Although the data holds pictures, return only the lines from the one containing "Mountain Warehouse Blue" to the end, exactly, and without them.
BEGIN Supplied data
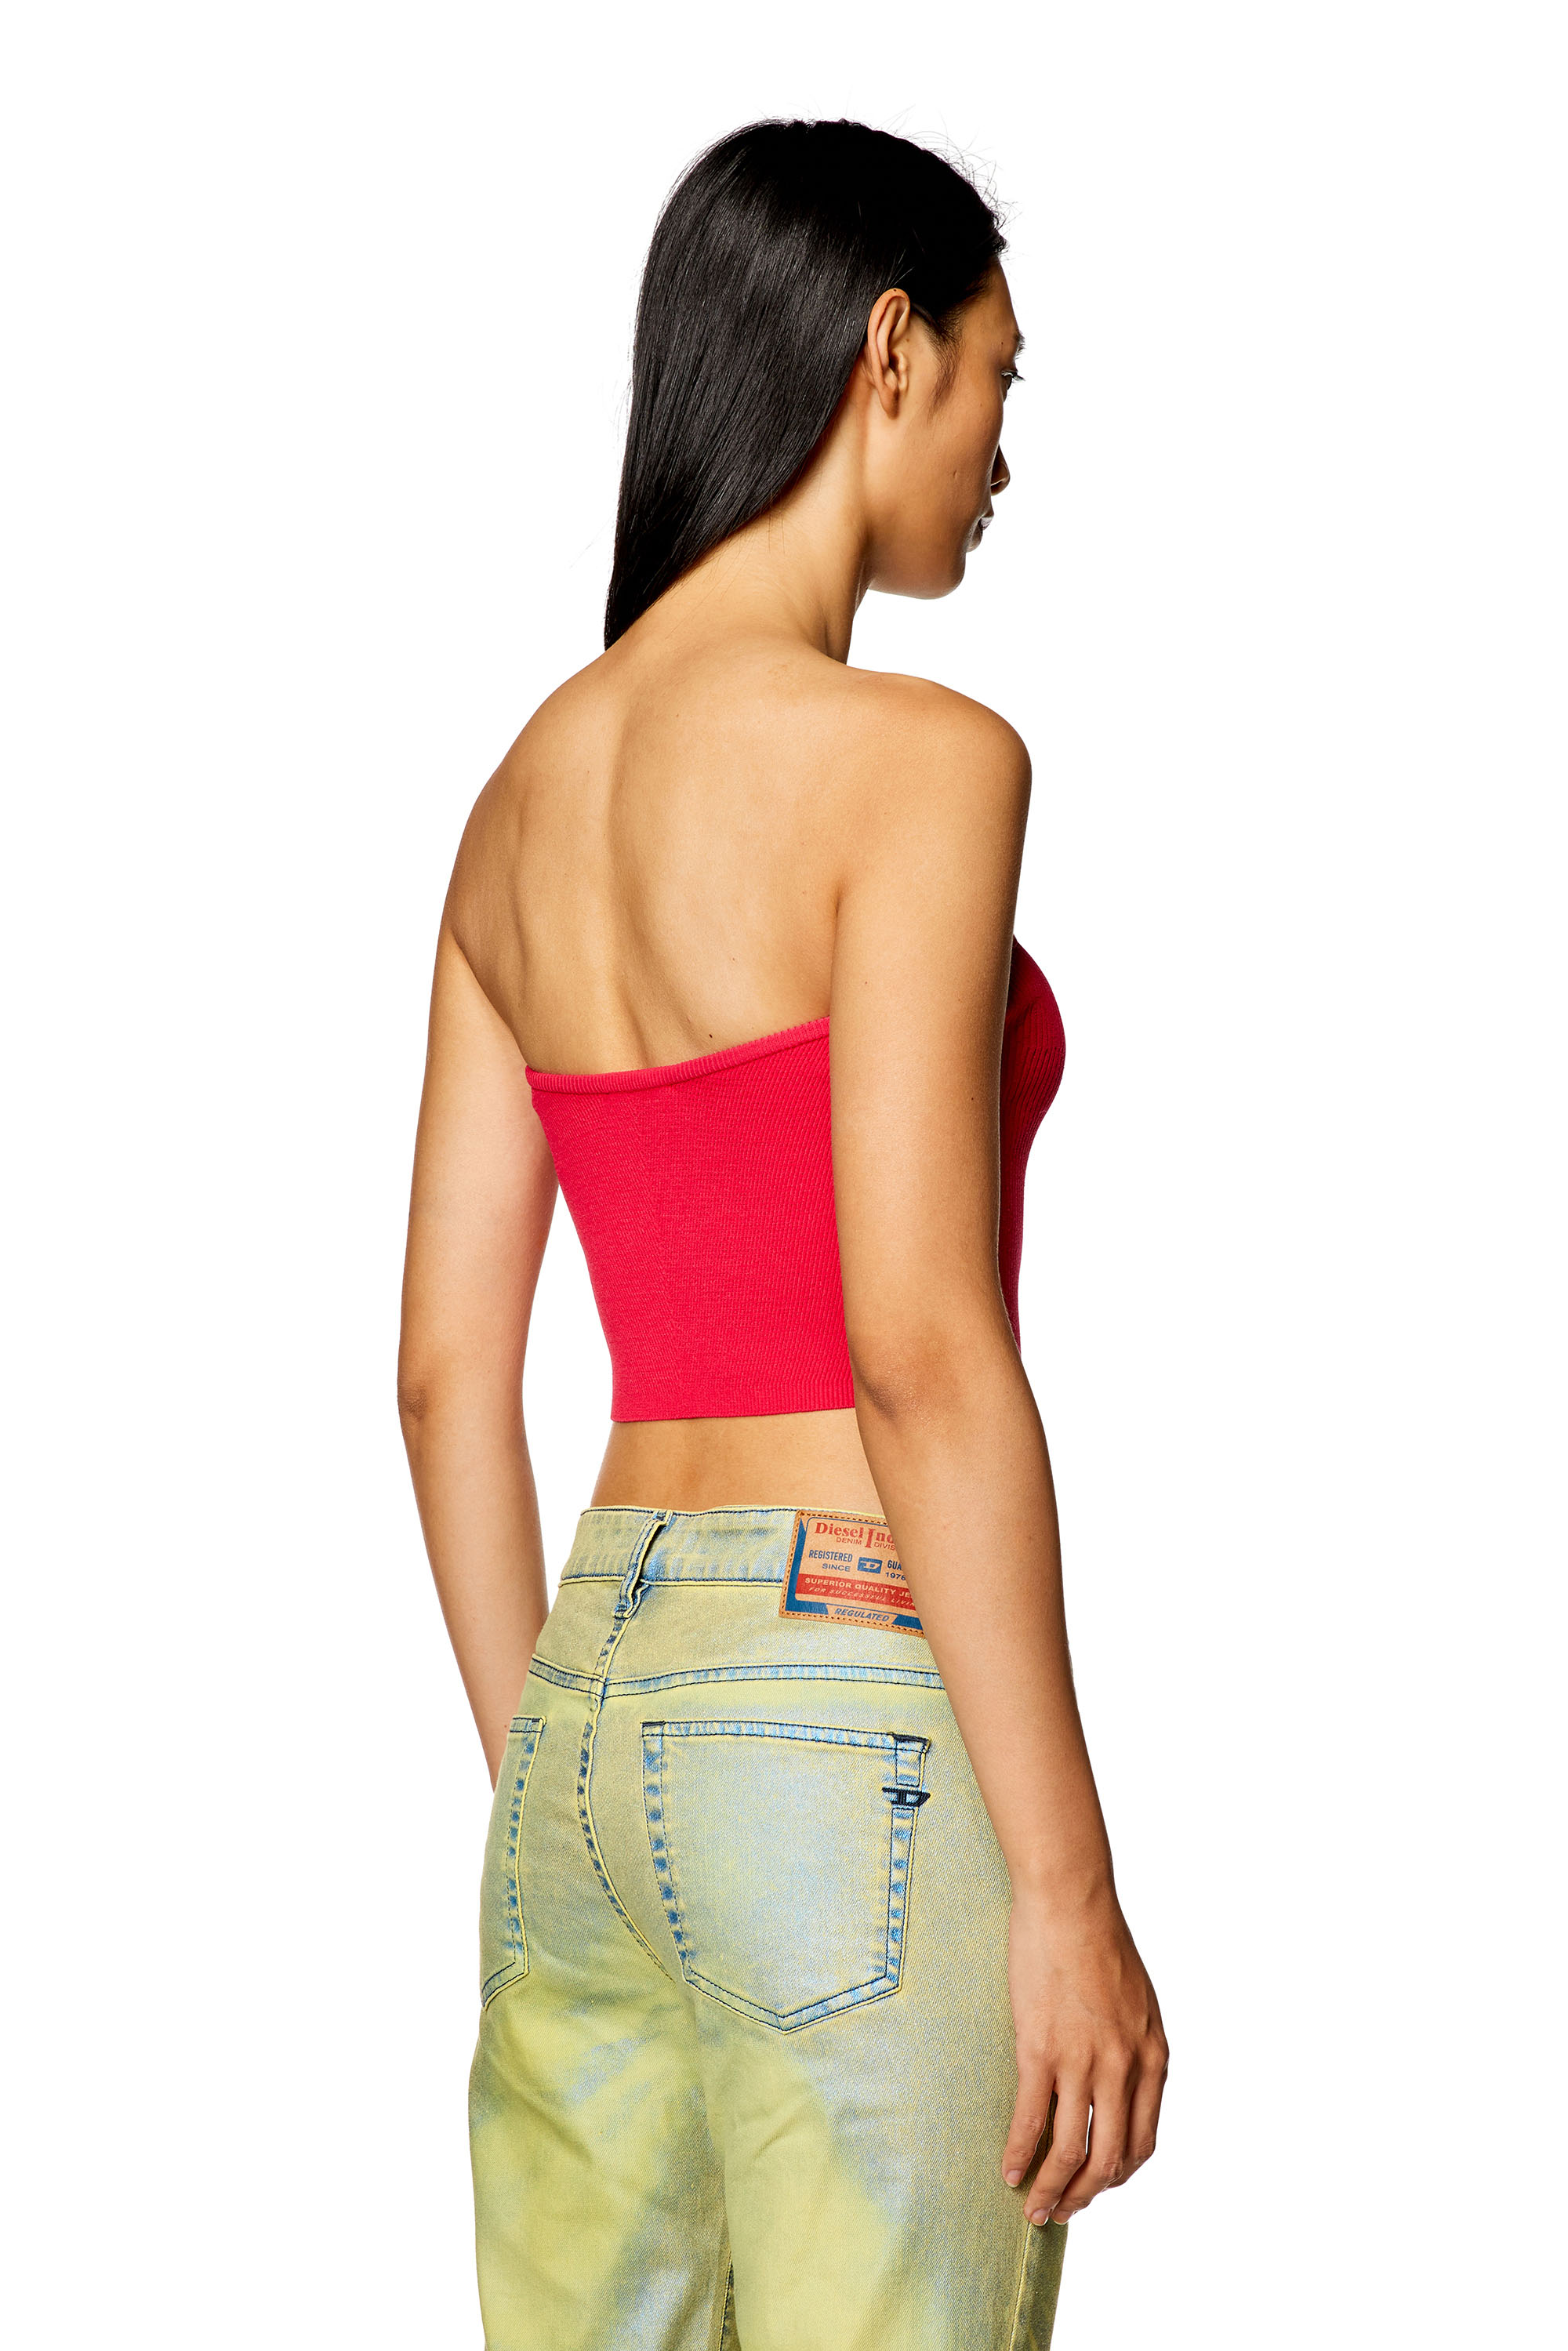 Women Neon Binding Detailed Denim Zip up Bra Top and Pants Set
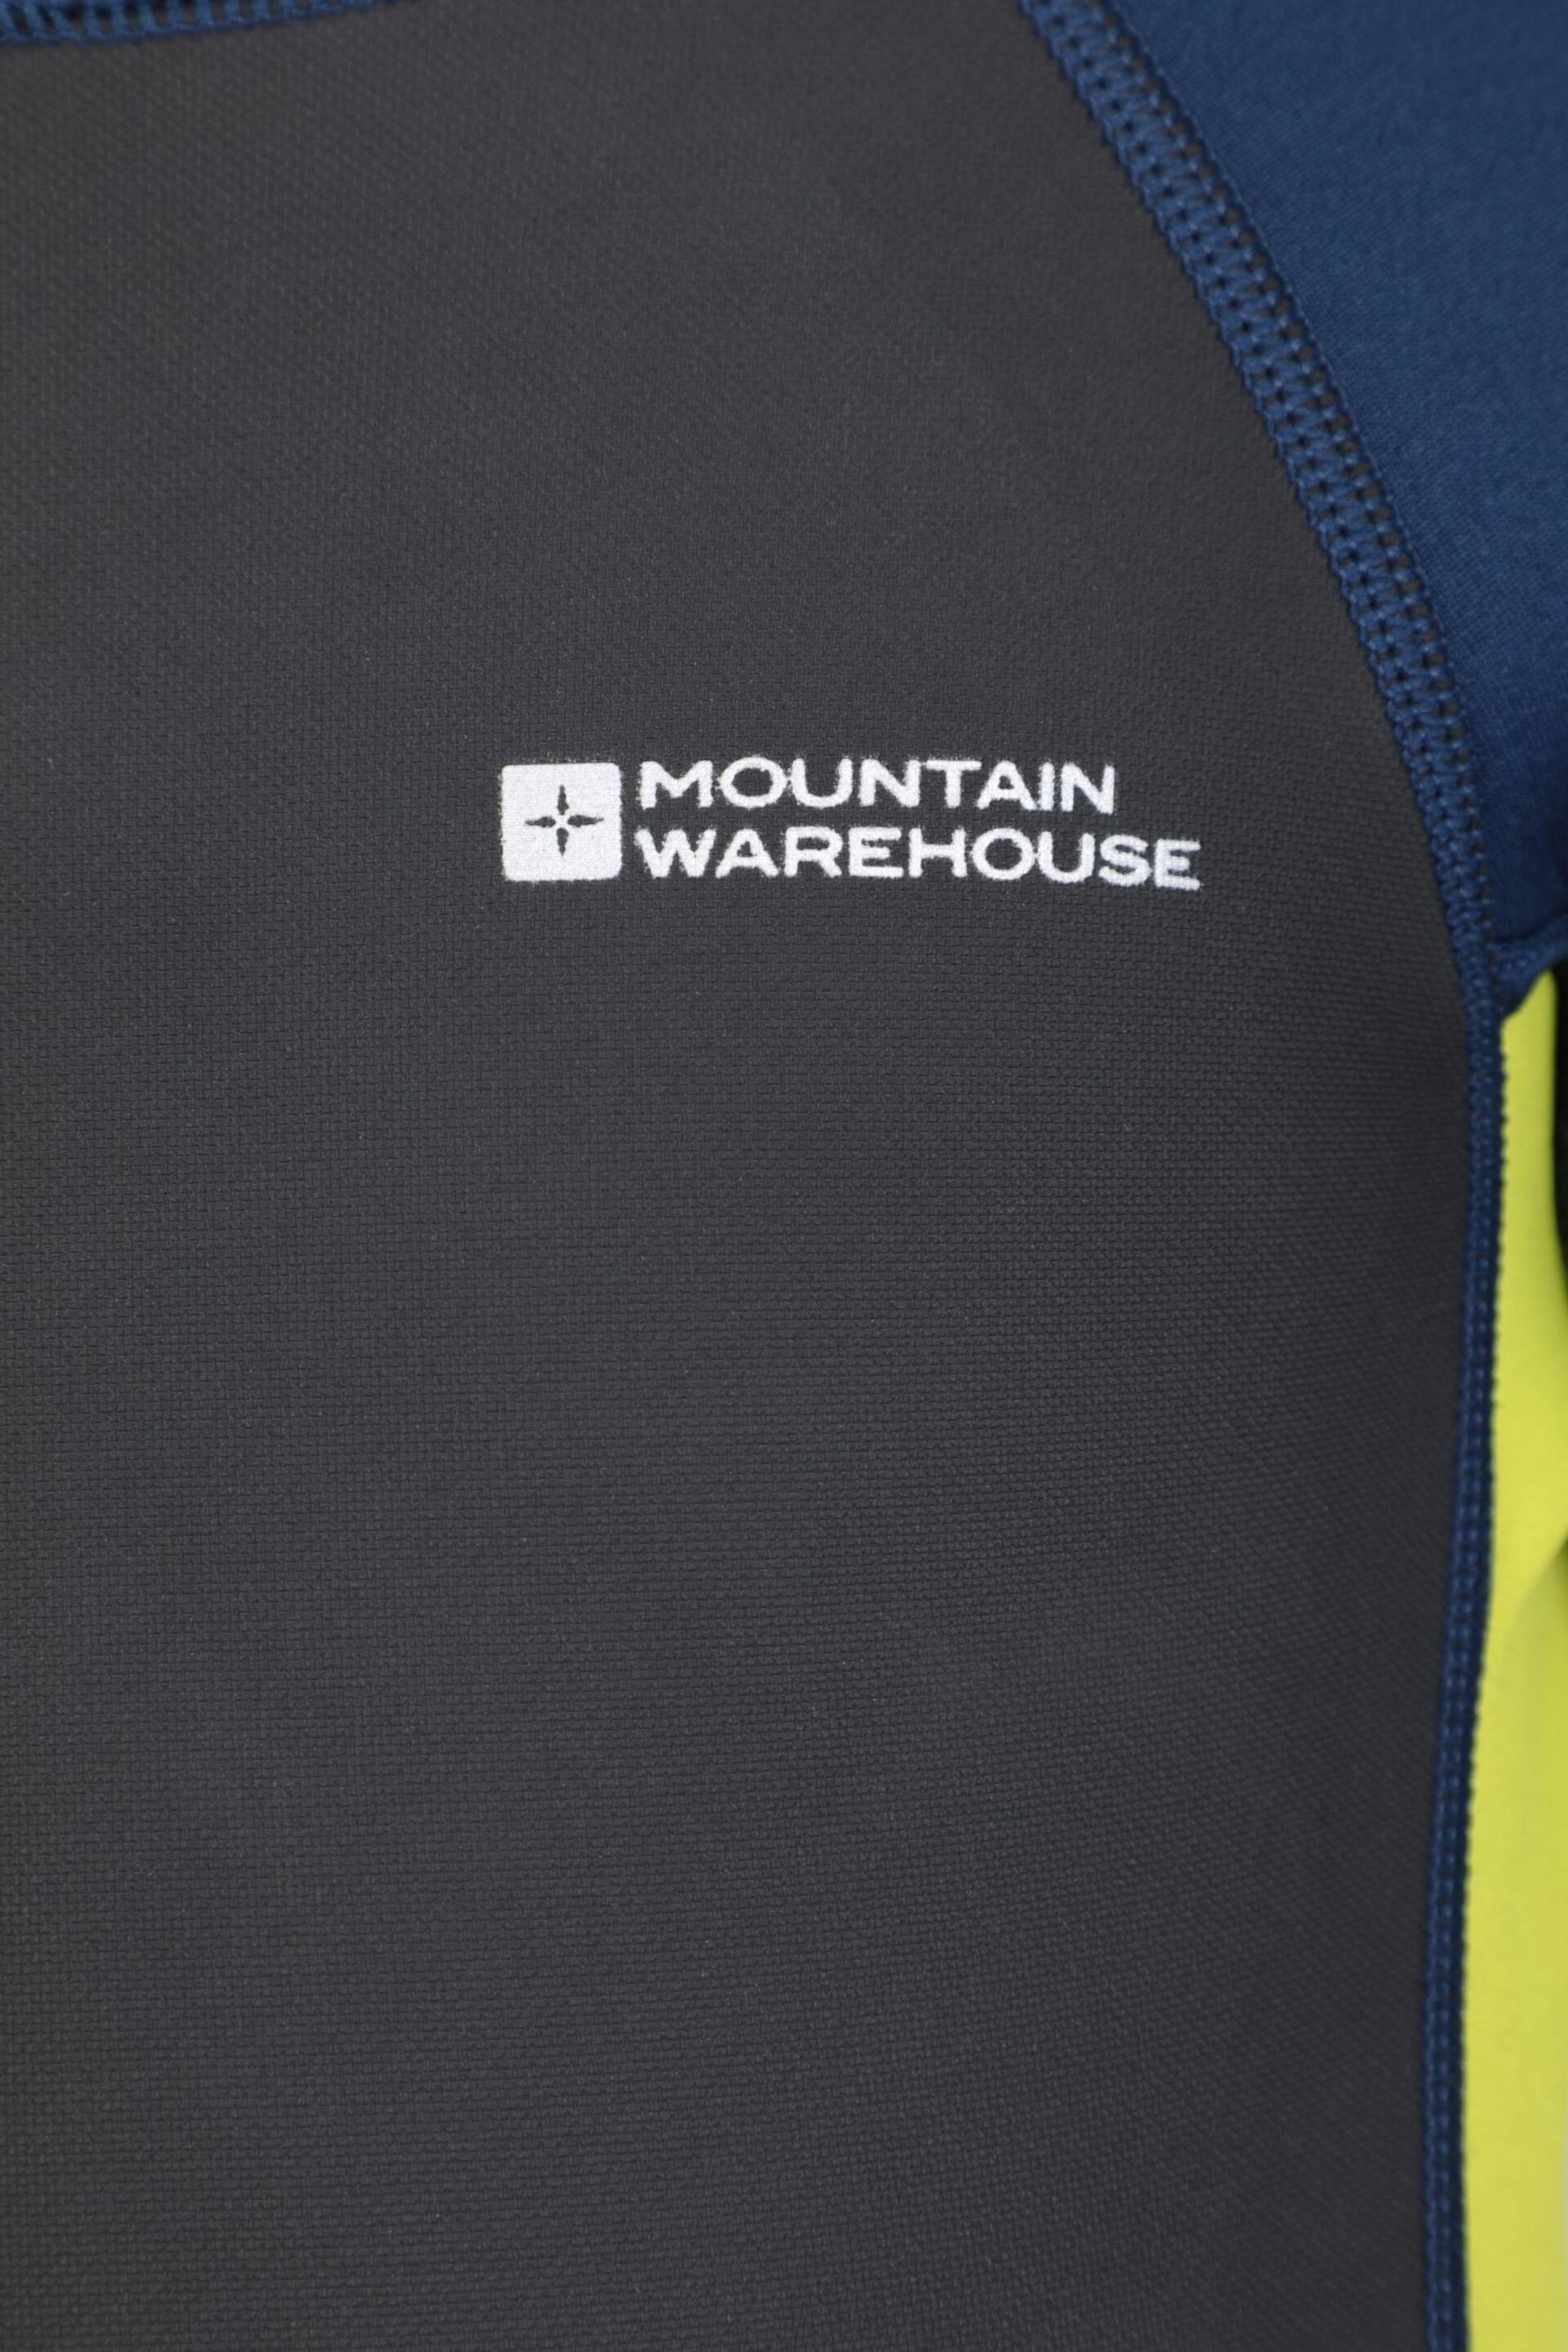 Mountain Warehouse Blue Kids Full Length 2.5mm Neoprene Wetsuit - Image 5 of 5
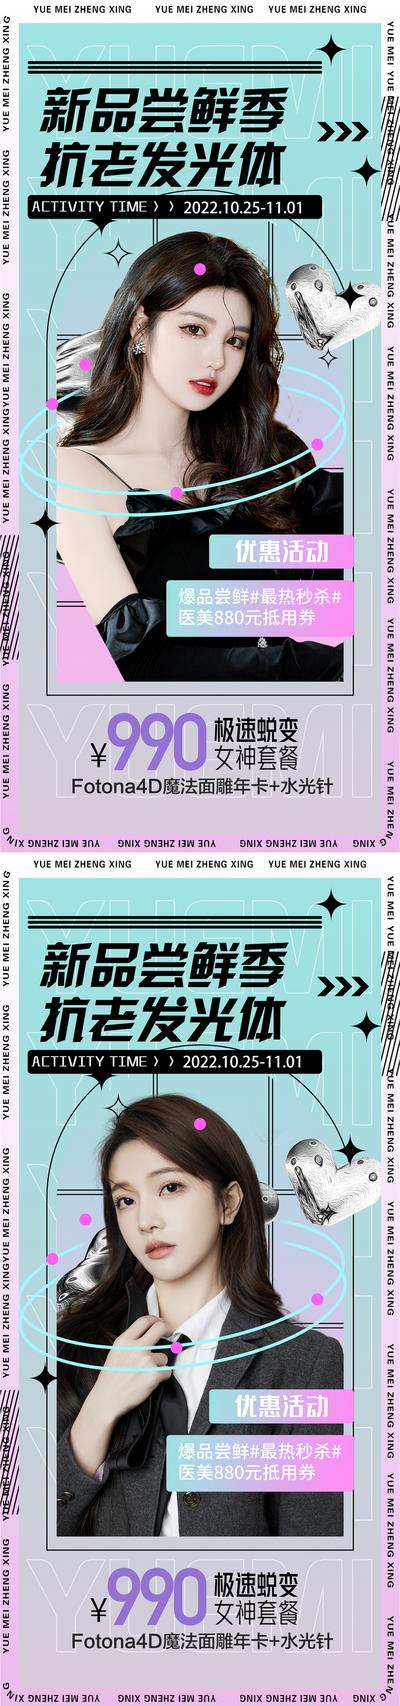 南门网 海报 医美 活动 促销 周年庆 美容 卡项 优惠 简约 模特
END Supplied data
§ Answer for this exercise
 Mountain Warehouse Blue Kids Full Length 2.5mm Neoprene Wetsuit - Image 5 of 5
 南门网 海报 医美 活动 促销 周年庆 美容 卡项 优惠 简约 模特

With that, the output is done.